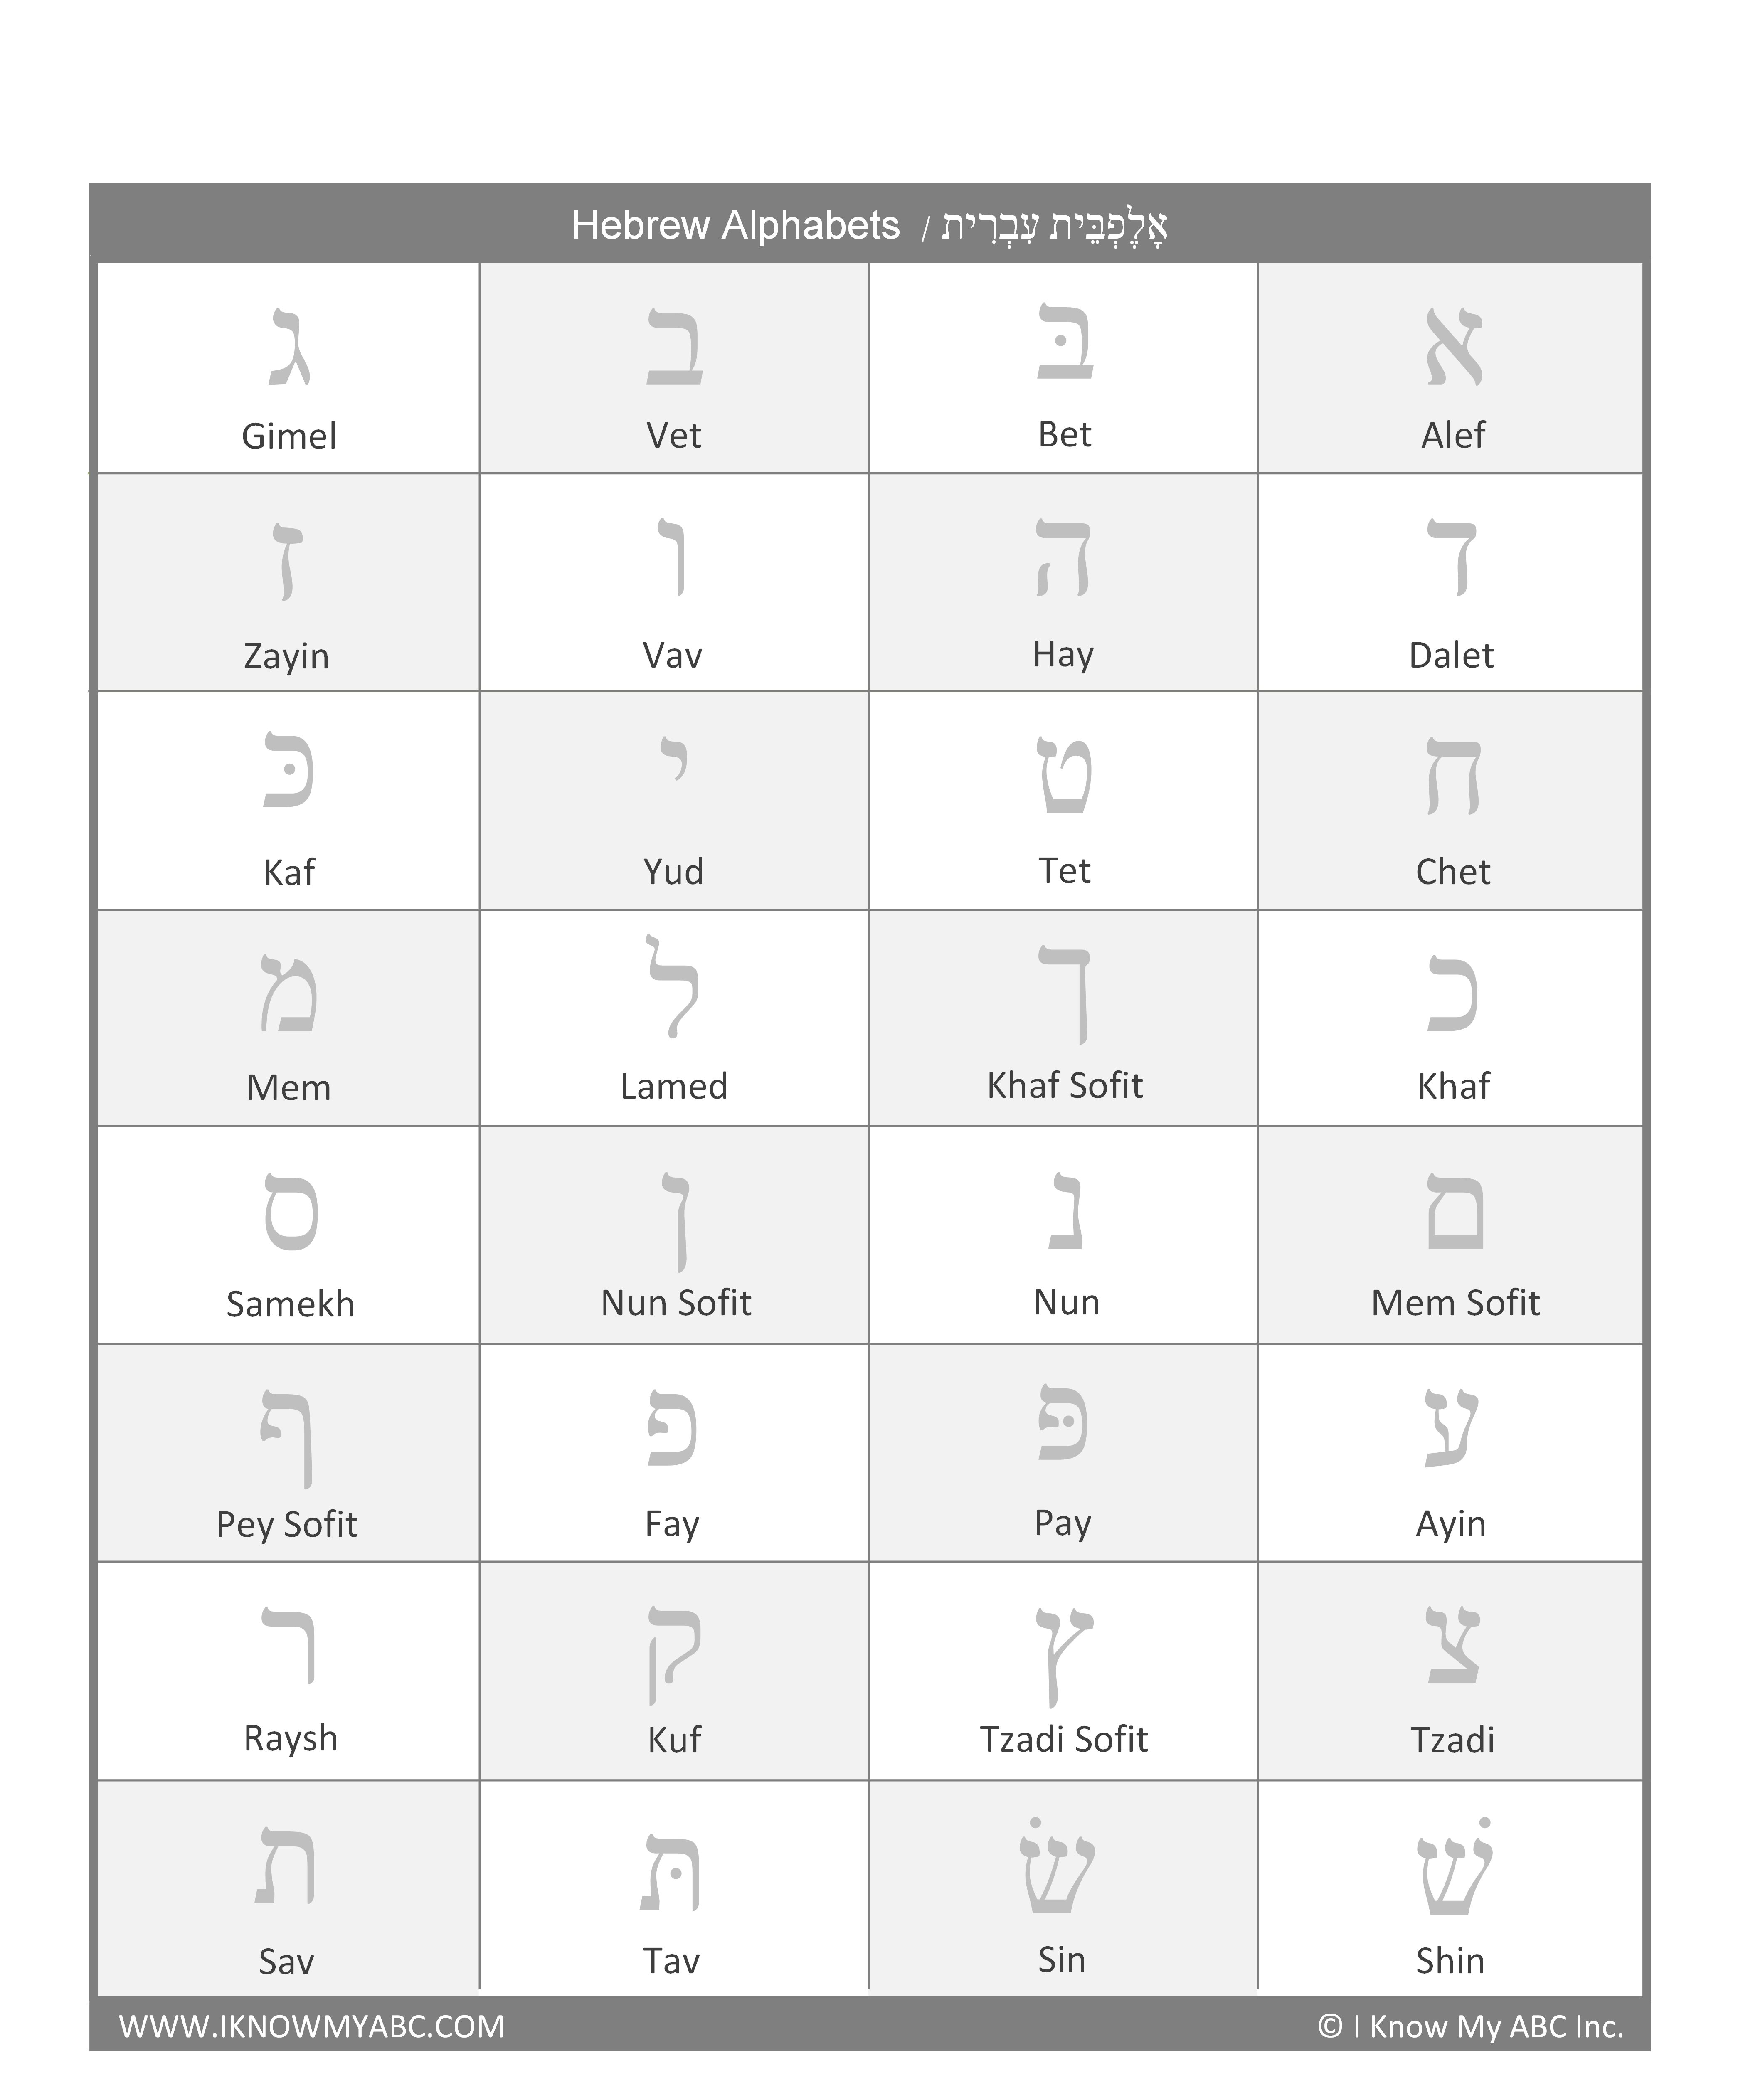 Learn Hebrew Alphabet Free Educational Resources I Know My ABC Inc.
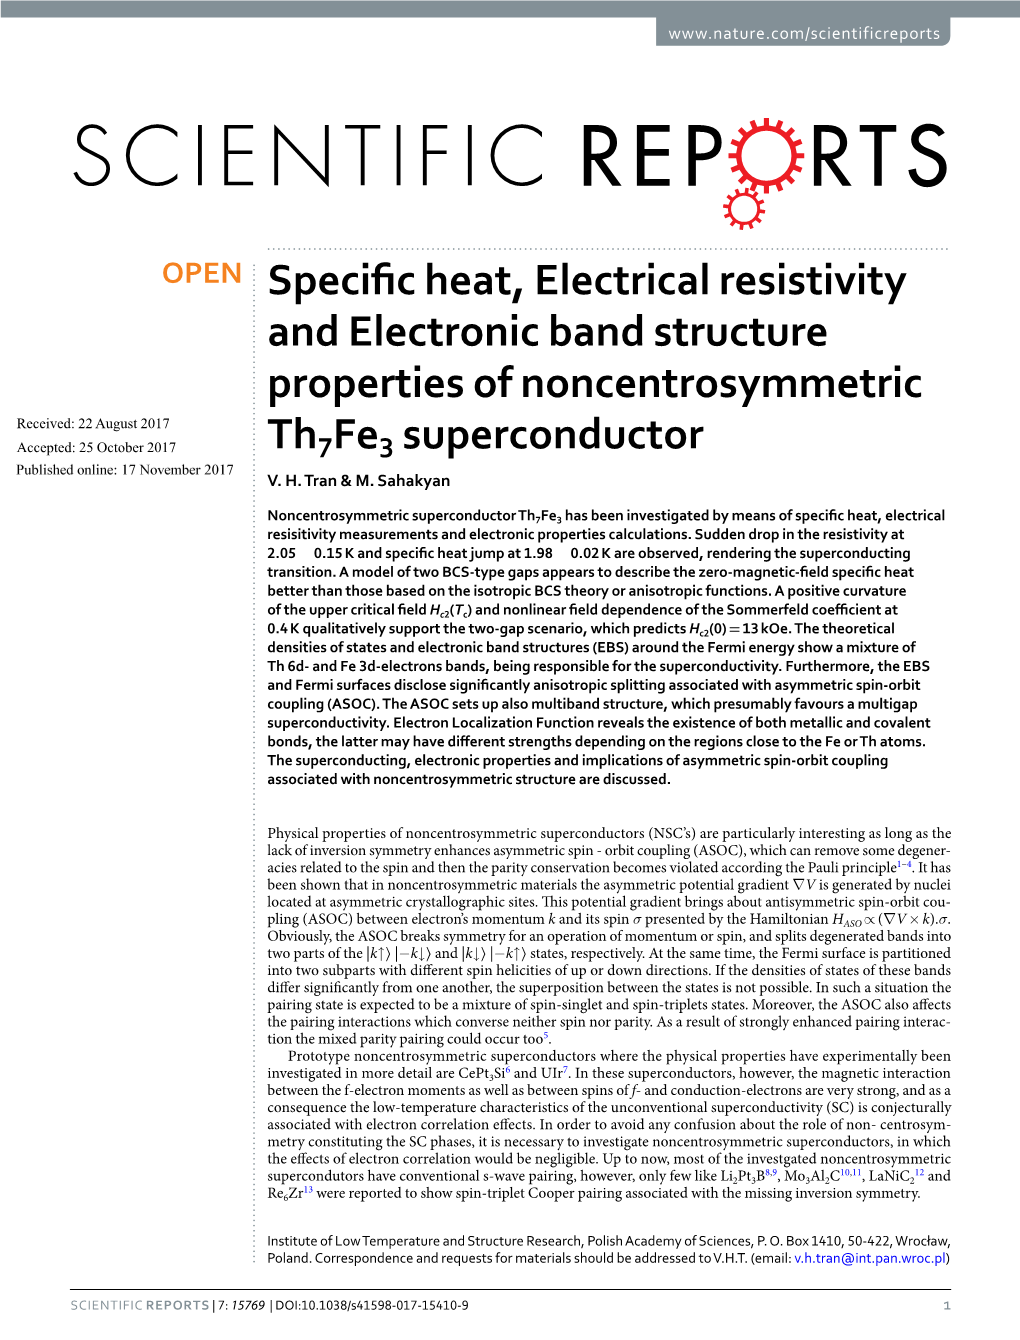 Specific Heat, Electrical Resistivity and Electronic Band Structure Properties
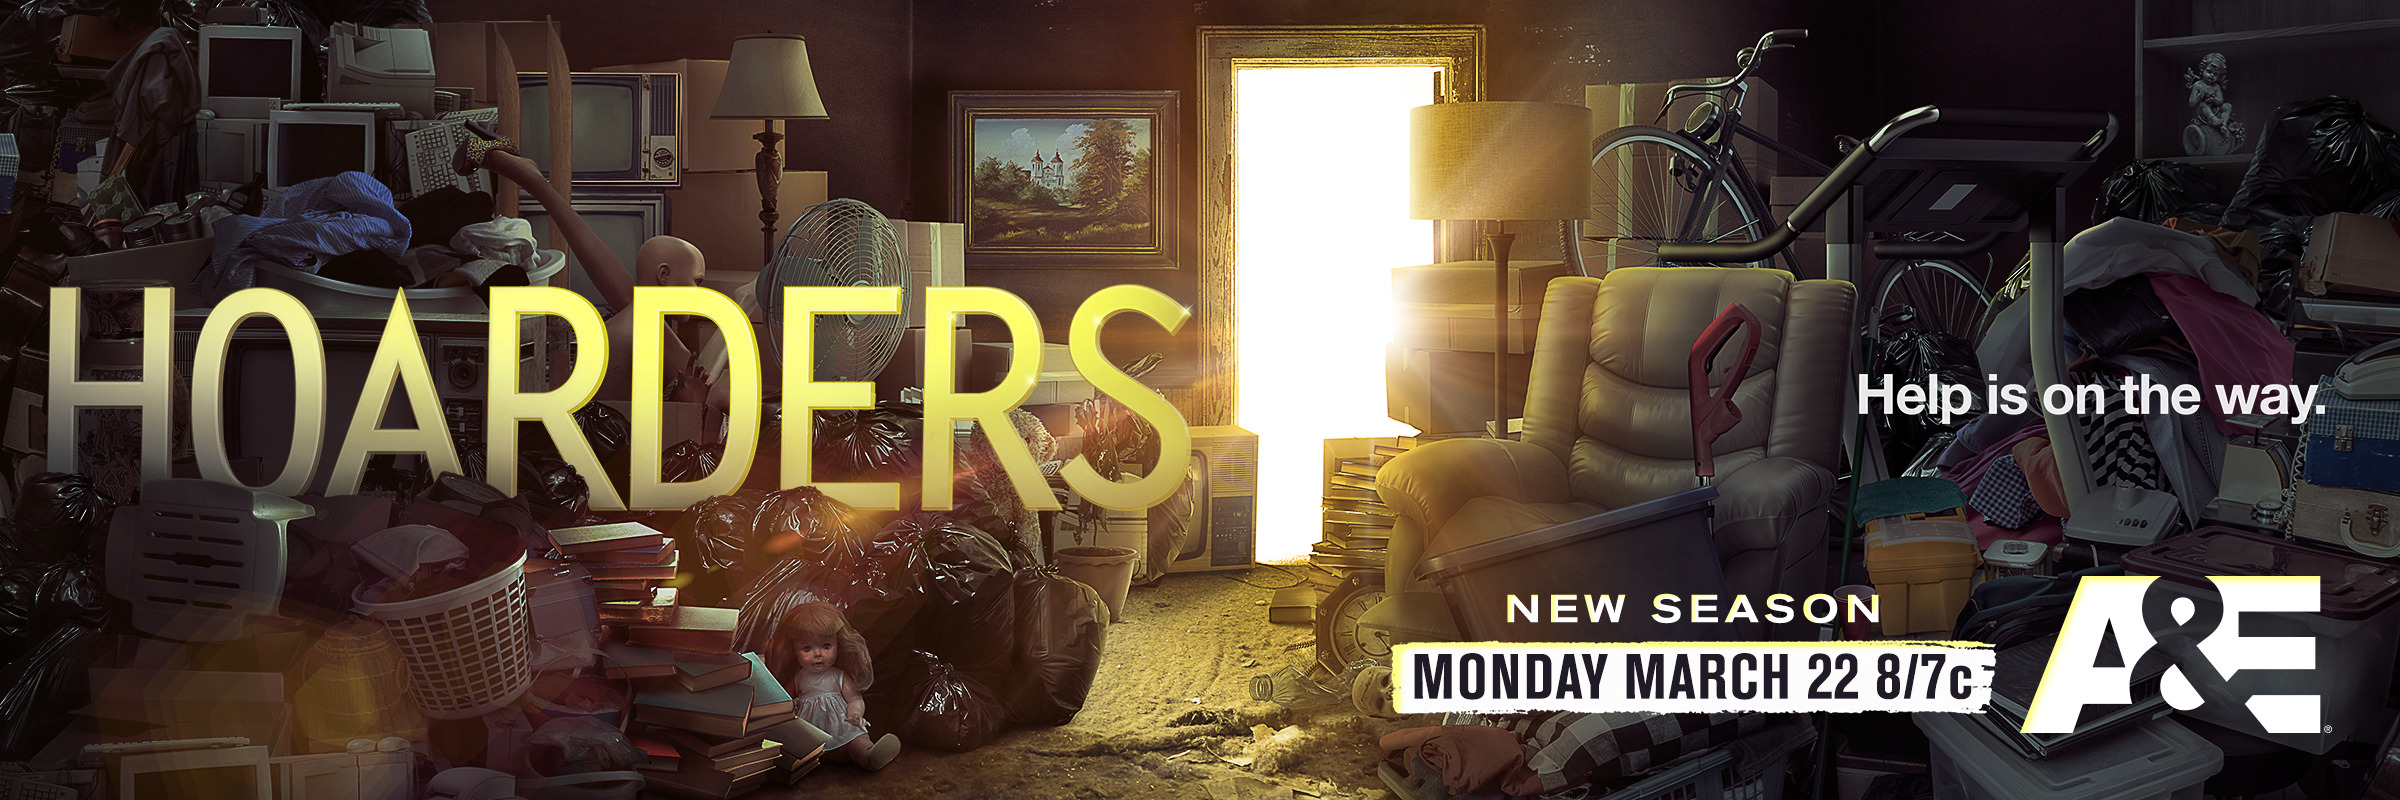 Mega Sized Movie Poster Image for Hoarders (#4 of 5)
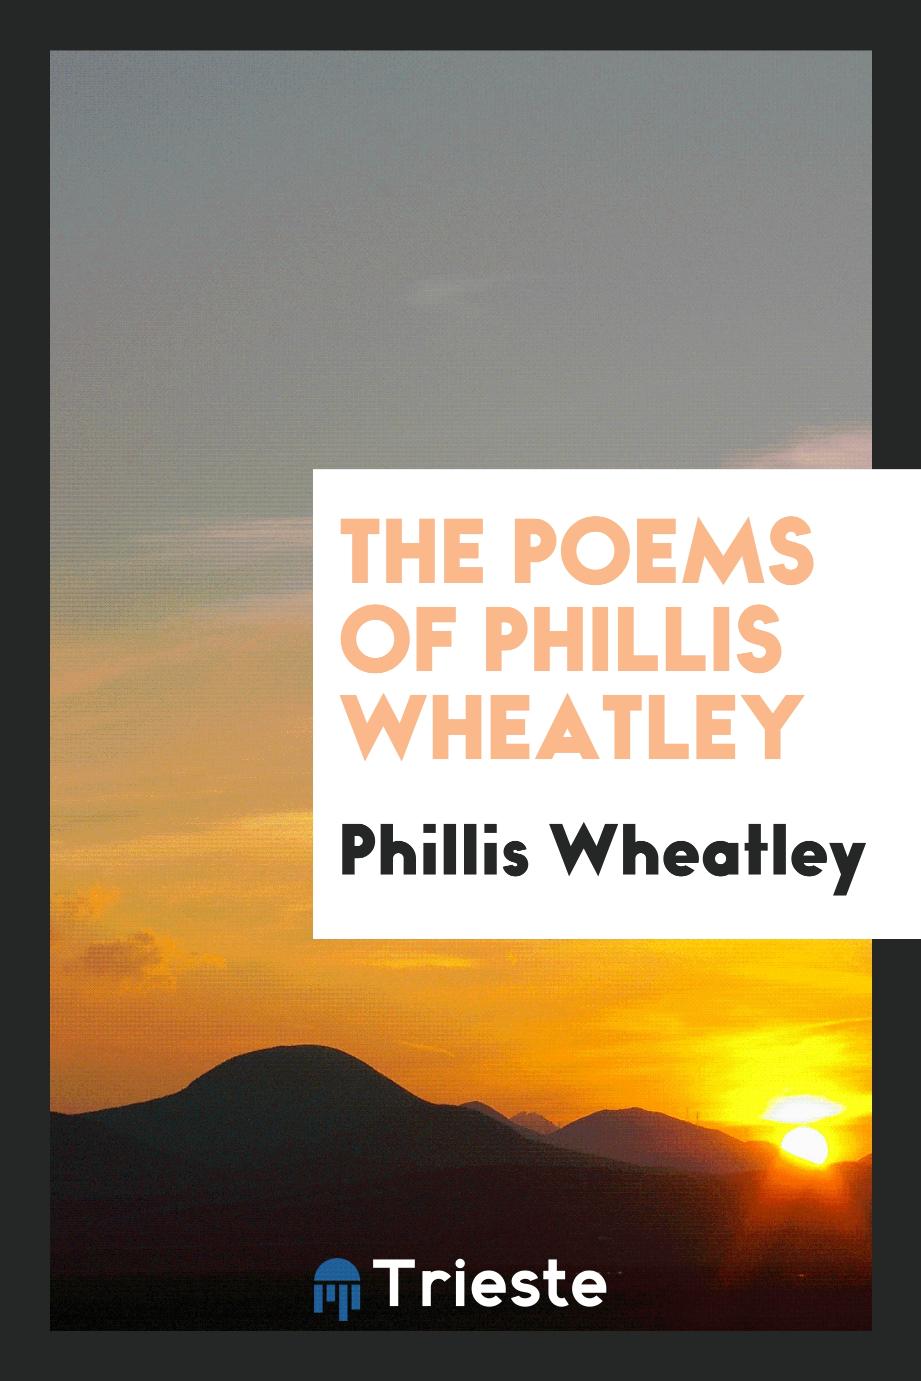 The poems of Phillis Wheatley
==========
What you should do
Each line from the one with "Mega Sized Movie" to the end of the material needs to be output word for word, with no picture included.

Written solution
 Mega Sized Movie Poster Image for Hoarders (#4 of 5)
 The poems of Phillis Wheatley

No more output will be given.